### Task instructions
All lines from the one containing "XL Euro stacking container - BITO" to the final line of the material should be retyped exactly. Nothing else belongs in the response.

═══ Input for this task ═══

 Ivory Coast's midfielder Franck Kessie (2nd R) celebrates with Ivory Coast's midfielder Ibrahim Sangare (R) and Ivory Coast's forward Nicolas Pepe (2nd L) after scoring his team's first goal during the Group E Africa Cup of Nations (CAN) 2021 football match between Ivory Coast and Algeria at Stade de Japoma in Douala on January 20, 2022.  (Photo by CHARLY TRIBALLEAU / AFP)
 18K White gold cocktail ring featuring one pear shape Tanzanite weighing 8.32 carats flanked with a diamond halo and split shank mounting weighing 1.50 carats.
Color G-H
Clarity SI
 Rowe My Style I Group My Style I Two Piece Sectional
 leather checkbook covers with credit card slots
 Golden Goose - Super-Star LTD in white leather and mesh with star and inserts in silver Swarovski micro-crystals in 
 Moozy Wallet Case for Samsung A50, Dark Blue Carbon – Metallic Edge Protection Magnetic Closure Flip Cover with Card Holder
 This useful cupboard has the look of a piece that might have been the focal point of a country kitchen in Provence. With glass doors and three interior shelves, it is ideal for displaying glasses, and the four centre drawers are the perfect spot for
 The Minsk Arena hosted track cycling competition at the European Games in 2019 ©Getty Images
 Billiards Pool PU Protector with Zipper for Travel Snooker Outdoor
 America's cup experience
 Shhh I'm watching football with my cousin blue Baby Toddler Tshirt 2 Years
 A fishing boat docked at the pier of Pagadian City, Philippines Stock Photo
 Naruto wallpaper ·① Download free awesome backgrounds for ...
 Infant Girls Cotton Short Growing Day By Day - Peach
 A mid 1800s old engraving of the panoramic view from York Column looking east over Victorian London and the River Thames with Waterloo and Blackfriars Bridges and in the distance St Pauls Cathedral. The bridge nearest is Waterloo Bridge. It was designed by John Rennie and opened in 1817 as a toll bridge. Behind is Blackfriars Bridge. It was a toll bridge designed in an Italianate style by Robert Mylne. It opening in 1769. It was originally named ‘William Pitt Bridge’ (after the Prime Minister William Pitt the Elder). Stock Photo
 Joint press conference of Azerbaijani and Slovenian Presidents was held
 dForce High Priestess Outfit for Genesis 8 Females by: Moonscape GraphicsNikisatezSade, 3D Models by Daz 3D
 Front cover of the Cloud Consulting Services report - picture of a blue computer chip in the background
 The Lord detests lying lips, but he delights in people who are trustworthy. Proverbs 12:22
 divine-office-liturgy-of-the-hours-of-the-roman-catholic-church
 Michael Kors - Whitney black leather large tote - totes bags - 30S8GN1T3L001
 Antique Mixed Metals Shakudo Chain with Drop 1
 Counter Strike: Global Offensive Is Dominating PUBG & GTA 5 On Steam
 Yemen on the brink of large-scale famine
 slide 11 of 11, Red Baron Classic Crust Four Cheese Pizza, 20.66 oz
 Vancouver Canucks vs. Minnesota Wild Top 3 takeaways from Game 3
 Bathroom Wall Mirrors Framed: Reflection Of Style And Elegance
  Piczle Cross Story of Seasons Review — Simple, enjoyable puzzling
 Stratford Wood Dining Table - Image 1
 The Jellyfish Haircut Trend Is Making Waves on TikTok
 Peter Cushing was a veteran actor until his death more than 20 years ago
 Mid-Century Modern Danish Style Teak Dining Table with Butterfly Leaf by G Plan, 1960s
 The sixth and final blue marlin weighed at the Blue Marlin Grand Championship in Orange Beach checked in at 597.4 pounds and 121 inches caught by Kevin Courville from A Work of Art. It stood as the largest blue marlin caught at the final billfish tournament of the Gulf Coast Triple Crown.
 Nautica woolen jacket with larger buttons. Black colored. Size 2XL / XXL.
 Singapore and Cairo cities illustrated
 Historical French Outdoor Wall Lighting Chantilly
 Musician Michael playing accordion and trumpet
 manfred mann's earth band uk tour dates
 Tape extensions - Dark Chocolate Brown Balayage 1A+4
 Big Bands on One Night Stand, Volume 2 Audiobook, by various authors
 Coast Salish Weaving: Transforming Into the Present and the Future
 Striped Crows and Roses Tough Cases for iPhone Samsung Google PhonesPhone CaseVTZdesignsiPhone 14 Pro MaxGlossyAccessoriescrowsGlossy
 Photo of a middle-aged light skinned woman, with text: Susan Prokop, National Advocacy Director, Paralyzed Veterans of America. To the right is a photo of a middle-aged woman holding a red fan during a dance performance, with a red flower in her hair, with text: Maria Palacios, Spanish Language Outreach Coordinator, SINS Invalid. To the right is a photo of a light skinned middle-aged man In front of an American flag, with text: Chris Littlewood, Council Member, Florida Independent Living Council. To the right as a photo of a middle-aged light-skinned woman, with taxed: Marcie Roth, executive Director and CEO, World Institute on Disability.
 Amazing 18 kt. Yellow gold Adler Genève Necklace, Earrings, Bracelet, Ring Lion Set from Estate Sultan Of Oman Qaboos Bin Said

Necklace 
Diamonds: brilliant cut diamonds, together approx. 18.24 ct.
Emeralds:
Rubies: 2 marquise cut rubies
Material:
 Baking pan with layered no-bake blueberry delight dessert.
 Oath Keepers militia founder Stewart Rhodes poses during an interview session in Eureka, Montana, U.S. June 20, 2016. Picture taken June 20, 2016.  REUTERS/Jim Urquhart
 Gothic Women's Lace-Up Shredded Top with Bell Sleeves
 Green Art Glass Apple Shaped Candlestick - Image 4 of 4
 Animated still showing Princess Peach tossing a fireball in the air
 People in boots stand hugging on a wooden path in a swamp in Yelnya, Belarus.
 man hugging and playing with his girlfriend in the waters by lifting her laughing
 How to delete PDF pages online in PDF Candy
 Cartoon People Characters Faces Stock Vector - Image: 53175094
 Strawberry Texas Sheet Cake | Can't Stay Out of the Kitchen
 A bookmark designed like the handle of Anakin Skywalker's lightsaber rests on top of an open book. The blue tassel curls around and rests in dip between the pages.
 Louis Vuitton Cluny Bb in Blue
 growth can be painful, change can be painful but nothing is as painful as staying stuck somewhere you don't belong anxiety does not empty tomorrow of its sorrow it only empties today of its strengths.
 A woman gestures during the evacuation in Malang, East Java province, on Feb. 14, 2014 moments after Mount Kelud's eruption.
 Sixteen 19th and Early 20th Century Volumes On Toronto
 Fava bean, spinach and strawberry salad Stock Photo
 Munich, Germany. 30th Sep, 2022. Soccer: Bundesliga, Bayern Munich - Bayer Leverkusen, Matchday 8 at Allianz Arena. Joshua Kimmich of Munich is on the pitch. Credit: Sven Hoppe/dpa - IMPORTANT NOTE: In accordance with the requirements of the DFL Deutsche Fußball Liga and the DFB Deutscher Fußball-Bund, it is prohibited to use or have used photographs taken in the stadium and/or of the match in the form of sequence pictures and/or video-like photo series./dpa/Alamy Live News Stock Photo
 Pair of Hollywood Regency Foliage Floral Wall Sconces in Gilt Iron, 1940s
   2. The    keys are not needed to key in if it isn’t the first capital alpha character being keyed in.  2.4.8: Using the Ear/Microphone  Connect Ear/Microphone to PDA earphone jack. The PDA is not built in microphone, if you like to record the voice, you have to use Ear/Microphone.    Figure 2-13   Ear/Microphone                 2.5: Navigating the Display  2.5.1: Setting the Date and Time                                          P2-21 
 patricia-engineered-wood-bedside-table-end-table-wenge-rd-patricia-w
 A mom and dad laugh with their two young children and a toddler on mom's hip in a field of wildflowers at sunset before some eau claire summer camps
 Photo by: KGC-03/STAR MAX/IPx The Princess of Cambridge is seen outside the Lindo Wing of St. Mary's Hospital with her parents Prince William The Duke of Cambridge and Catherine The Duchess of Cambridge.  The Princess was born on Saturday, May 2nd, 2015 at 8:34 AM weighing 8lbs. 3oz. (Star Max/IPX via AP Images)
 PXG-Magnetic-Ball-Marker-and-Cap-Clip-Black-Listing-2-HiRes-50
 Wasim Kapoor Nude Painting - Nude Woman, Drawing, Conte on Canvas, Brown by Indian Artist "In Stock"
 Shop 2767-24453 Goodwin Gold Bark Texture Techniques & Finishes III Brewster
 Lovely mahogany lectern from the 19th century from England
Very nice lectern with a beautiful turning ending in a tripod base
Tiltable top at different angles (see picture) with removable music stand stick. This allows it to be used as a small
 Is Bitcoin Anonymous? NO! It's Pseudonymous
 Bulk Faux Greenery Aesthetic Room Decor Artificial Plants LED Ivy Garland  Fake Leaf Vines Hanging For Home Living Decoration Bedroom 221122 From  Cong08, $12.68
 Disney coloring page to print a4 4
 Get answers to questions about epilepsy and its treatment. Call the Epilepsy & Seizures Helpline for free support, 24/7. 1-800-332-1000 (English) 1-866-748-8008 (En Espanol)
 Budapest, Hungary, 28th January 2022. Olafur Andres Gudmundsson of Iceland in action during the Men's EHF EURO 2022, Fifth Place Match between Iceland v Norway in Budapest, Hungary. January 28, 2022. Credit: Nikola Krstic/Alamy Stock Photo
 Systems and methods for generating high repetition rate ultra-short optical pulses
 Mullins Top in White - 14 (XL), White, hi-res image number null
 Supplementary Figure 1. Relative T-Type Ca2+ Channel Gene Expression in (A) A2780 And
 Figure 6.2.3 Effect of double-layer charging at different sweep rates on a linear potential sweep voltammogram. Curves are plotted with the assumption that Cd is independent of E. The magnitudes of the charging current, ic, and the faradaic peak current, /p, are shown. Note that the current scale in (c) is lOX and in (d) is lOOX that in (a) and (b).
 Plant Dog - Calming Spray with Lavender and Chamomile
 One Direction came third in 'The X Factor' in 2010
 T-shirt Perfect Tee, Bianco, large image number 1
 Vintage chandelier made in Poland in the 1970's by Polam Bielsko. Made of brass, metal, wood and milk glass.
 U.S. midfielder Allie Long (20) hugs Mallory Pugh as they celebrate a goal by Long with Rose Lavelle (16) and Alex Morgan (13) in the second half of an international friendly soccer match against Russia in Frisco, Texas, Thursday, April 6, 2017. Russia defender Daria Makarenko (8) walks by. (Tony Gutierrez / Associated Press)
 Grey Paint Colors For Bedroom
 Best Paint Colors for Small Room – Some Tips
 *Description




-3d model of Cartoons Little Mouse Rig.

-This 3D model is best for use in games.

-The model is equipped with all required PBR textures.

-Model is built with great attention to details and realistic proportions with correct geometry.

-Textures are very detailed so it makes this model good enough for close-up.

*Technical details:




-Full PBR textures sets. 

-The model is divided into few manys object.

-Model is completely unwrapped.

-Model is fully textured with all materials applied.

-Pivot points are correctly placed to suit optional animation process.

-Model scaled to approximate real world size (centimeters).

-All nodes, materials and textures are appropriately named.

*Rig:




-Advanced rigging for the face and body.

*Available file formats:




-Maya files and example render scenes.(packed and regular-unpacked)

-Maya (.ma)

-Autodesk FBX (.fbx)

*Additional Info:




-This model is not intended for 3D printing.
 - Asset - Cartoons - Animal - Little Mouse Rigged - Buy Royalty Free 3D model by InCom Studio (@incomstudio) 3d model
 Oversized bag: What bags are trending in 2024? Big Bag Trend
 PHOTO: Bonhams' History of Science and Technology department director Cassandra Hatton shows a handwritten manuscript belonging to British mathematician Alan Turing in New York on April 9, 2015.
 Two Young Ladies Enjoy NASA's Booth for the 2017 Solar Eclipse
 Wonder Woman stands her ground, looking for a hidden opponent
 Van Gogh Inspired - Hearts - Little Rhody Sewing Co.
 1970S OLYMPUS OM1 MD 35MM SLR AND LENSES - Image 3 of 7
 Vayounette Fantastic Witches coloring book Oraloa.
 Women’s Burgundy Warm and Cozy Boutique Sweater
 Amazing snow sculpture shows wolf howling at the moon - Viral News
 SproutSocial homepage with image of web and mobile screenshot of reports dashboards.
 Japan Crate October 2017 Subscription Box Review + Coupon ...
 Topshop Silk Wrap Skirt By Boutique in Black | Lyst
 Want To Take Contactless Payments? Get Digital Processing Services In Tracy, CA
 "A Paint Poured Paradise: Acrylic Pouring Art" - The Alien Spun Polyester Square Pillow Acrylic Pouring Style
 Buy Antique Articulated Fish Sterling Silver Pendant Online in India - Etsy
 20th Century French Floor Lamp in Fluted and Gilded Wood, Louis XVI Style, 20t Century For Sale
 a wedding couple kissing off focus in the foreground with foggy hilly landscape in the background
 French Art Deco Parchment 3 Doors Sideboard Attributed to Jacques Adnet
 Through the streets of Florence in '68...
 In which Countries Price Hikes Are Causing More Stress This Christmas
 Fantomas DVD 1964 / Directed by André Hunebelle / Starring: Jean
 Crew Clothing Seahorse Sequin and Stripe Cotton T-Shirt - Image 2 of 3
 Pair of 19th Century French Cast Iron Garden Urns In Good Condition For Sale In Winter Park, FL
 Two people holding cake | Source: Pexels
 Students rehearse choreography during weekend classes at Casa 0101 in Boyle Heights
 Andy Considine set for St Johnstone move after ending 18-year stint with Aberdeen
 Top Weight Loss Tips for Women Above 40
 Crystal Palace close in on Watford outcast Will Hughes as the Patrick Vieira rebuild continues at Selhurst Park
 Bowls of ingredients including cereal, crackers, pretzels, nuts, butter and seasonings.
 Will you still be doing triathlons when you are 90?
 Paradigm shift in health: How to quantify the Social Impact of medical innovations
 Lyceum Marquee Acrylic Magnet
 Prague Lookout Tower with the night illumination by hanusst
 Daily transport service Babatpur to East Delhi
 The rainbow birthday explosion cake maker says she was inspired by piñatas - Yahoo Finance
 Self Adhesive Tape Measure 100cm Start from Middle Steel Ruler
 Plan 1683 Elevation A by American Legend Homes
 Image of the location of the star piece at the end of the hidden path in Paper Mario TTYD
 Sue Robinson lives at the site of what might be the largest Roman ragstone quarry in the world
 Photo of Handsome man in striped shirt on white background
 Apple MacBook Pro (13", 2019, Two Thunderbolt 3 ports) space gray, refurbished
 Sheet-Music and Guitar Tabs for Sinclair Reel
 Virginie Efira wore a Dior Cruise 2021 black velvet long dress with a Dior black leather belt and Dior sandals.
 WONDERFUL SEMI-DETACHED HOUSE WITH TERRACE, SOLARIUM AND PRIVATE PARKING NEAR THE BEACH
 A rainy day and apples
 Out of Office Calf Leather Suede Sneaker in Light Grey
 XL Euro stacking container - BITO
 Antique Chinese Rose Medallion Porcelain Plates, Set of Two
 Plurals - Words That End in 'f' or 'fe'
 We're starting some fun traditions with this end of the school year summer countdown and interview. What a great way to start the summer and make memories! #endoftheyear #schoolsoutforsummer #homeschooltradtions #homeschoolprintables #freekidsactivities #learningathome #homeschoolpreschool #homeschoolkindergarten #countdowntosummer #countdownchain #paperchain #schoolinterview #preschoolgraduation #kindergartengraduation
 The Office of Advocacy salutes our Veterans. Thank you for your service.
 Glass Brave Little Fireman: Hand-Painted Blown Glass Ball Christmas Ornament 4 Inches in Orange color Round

═══

### Completed exercise
 XL Euro stacking container - BITO
 Antique Chinese Rose Medallion Porcelain Plates, Set of Two
 Plurals - Words That End in 'f' or 'fe'
 We're starting some fun traditions with this end of the school year summer countdown and interview. What a great way to start the summer and make memories! #endoftheyear #schoolsoutforsummer #homeschooltradtions #homeschoolprintables #freekidsactivities #learningathome #homeschoolpreschool #homeschoolkindergarten #countdowntosummer #countdownchain #paperchain #schoolinterview #preschoolgraduation #kindergartengraduation
 The Office of Advocacy salutes our Veterans. Thank you for your service.
 Glass Brave Little Fireman: Hand-Painted Blown Glass Ball Christmas Ornament 4 Inches in Orange color Round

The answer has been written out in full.